[[ Information provided, beginning ]]
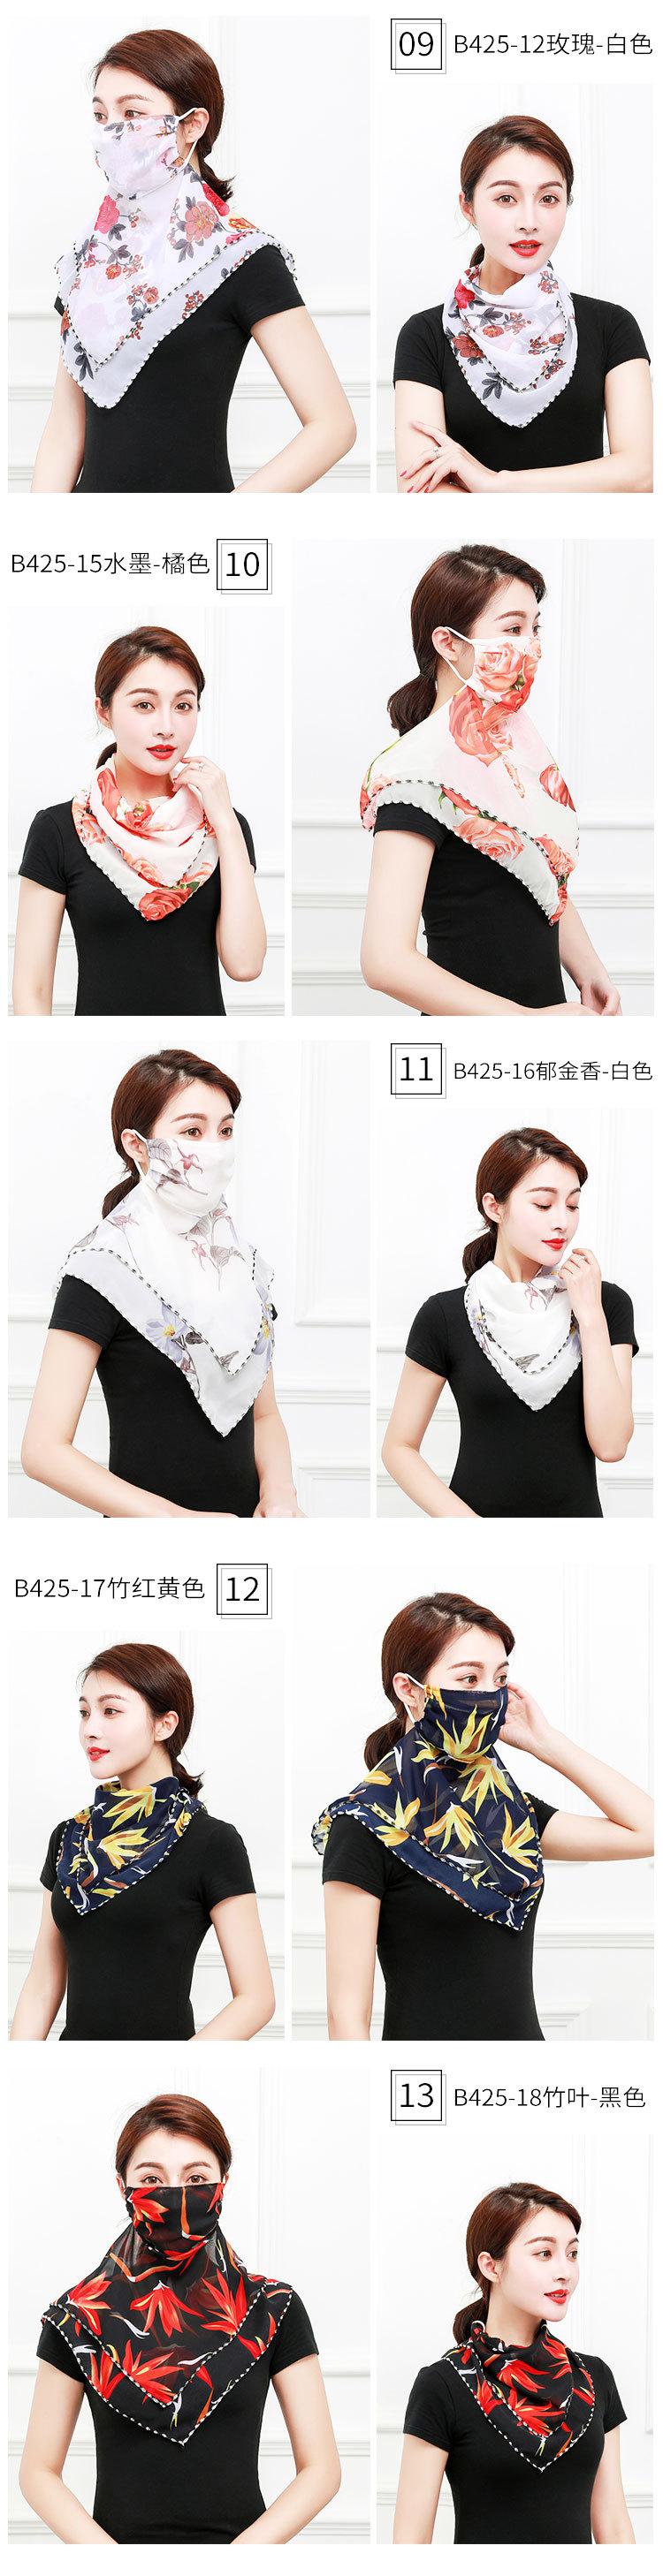 口罩丝巾_04
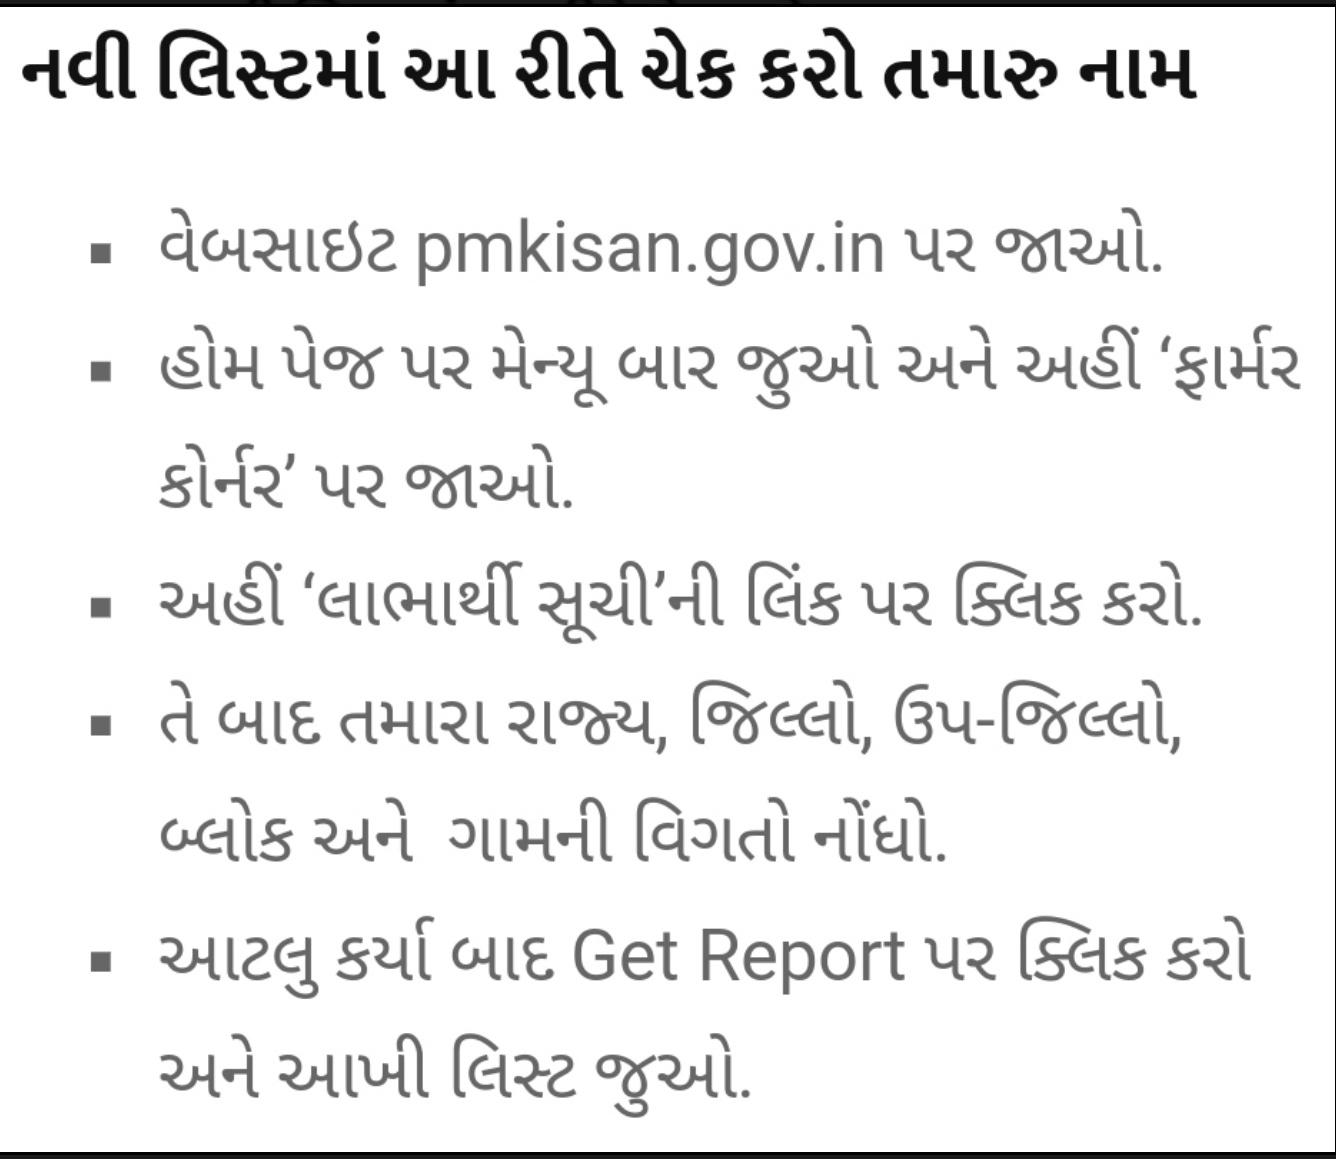 http://www.pravinvankar.in/2020/12/the-seventh-installment-of-kisan-sanman.html
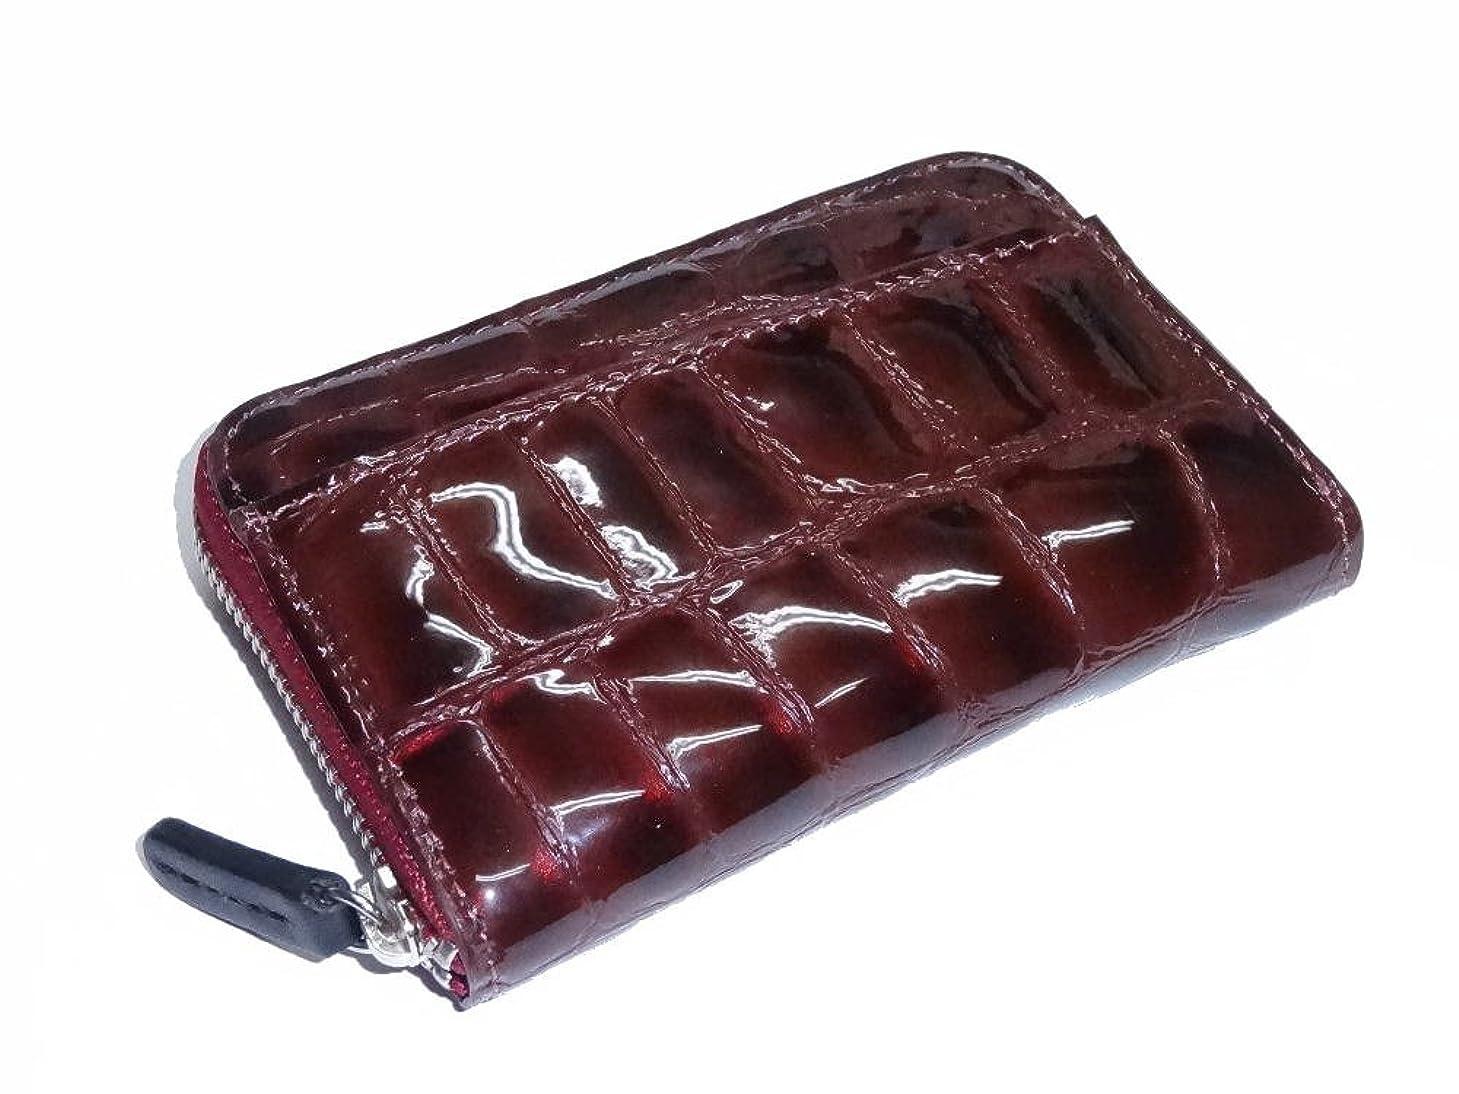 労働道徳教育パイル475 コインケース 牛革エナメル クロコダイル型押  小銭入 ラウンドファスナー
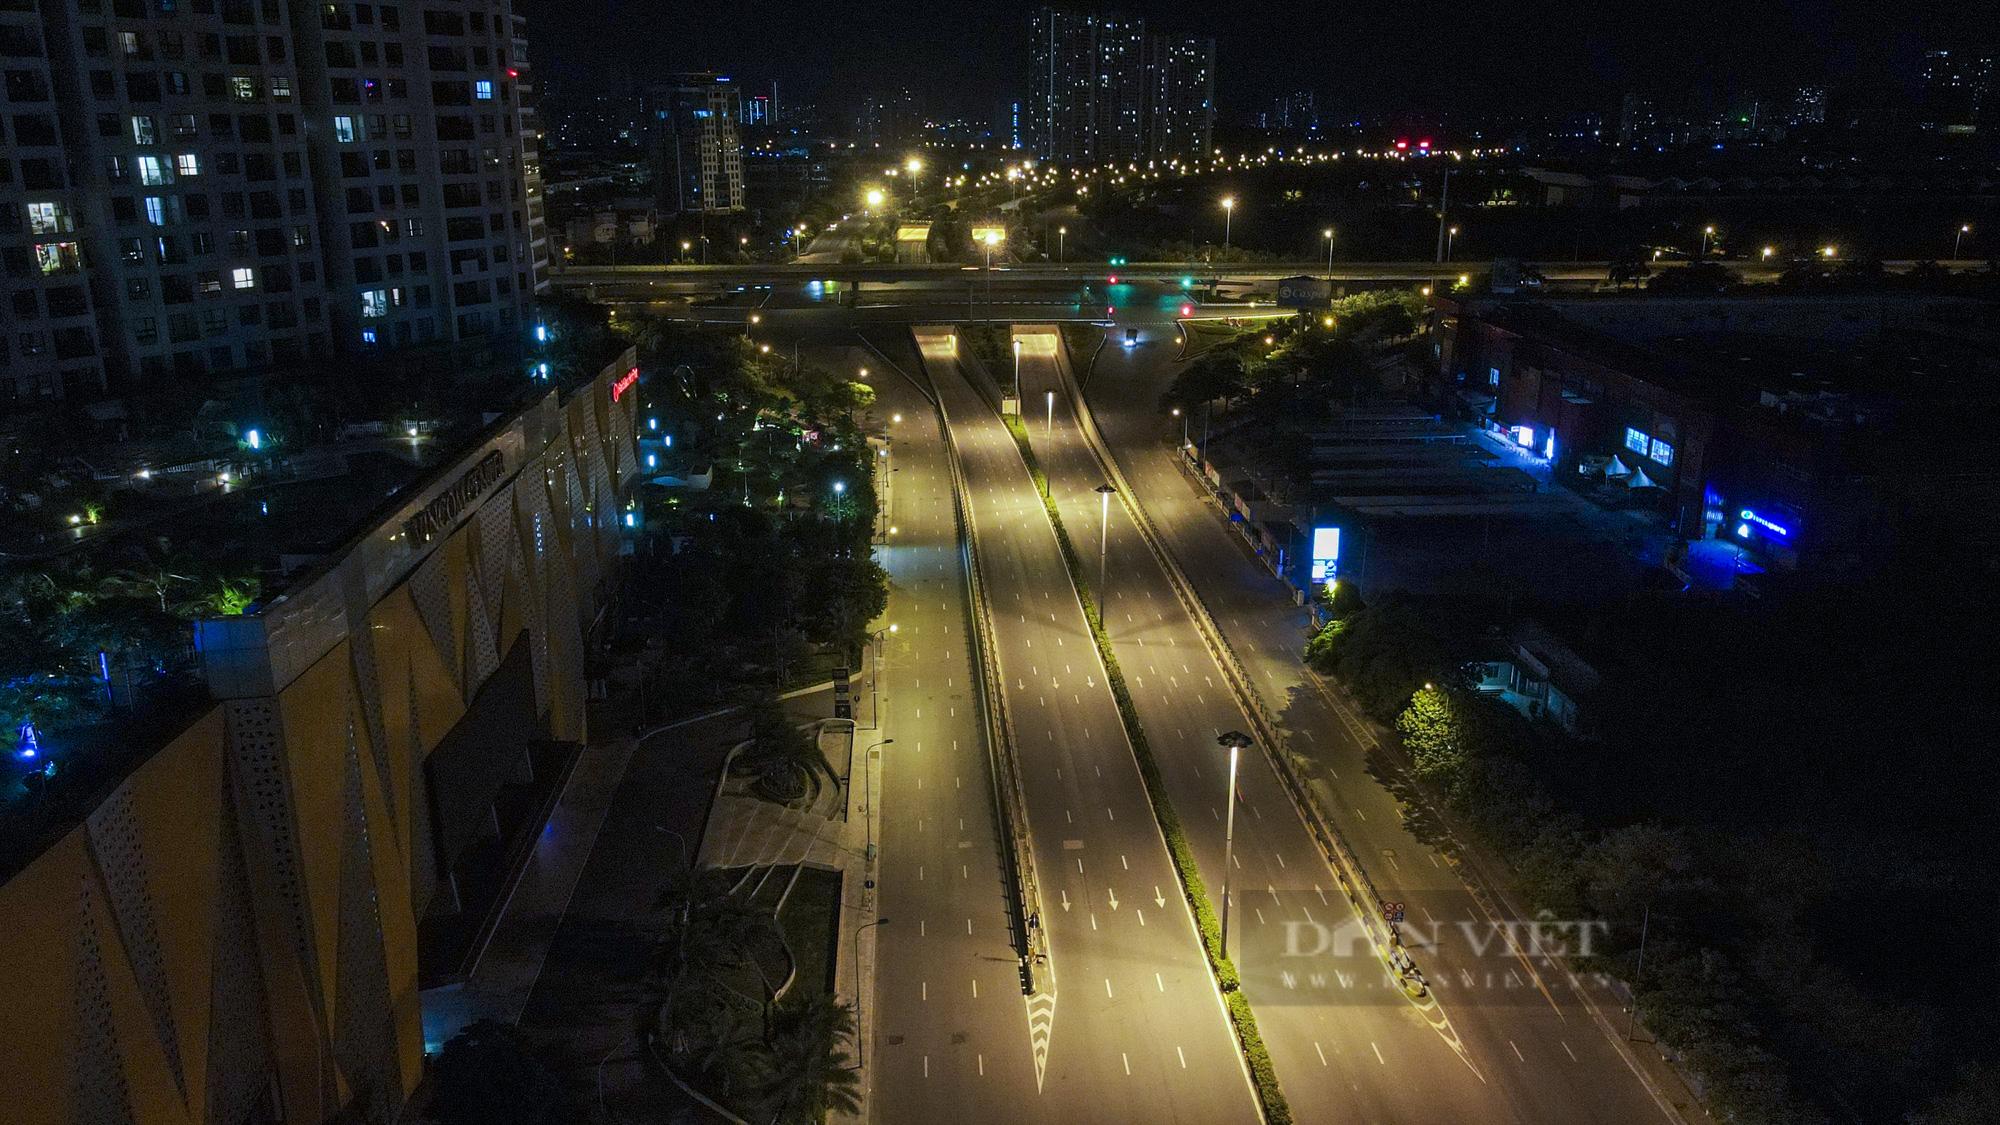 Giãn cách xã hội: Hà Nội vắng lặng, yên bình lúc về đêm - Ảnh 9.
[[ Information provided, end ]]
## Task objective
Word for word, retype the lines from the one with "労働道徳教育パイル475 コインケース 牛革エナメル" through the final line of the data, both included. No pictures belong in the copy.

## Solution for this exercise
 労働道徳教育パイル475 コインケース 牛革エナメル クロコダイル型押  小銭入 ラウンドファスナー
 Giãn cách xã hội: Hà Nội vắng lặng, yên bình lúc về đêm - Ảnh 9.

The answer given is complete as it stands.